## DIRECTIONS
Pull every line holding the string "Calligraphy" from the records below.

## EXTRACTED DATA
-------------------------
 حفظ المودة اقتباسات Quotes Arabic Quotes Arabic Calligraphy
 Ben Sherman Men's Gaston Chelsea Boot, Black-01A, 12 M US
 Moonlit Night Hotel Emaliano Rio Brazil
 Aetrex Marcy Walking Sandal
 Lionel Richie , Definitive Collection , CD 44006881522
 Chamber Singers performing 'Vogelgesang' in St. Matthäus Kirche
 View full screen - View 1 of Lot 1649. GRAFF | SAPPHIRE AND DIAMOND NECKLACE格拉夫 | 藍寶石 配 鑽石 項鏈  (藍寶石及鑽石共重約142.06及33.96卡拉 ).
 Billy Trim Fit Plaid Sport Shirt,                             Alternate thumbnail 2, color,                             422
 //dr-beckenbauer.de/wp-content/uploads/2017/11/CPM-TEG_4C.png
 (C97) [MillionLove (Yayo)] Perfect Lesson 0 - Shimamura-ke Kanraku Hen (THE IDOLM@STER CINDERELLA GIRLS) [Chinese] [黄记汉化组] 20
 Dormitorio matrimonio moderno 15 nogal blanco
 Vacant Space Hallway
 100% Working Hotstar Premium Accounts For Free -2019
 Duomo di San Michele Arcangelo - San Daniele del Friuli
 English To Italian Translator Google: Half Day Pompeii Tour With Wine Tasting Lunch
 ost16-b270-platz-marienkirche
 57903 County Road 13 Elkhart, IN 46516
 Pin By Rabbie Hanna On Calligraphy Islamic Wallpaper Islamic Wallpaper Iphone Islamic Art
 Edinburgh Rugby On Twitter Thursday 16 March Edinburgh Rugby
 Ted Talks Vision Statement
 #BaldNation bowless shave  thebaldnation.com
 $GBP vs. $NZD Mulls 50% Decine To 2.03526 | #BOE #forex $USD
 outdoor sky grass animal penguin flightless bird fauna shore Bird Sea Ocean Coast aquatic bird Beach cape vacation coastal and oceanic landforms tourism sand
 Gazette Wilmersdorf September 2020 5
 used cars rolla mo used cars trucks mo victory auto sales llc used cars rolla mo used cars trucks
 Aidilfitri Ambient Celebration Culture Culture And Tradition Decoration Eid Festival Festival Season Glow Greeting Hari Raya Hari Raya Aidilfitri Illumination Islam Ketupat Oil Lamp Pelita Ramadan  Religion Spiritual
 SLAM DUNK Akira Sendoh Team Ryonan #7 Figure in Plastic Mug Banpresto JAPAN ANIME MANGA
-------------------------
## WORKED SOLUTION
 حفظ المودة اقتباسات Quotes Arabic Quotes Arabic Calligraphy
 Pin By Rabbie Hanna On Calligraphy Islamic Wallpaper Islamic Wallpaper Iphone Islamic Art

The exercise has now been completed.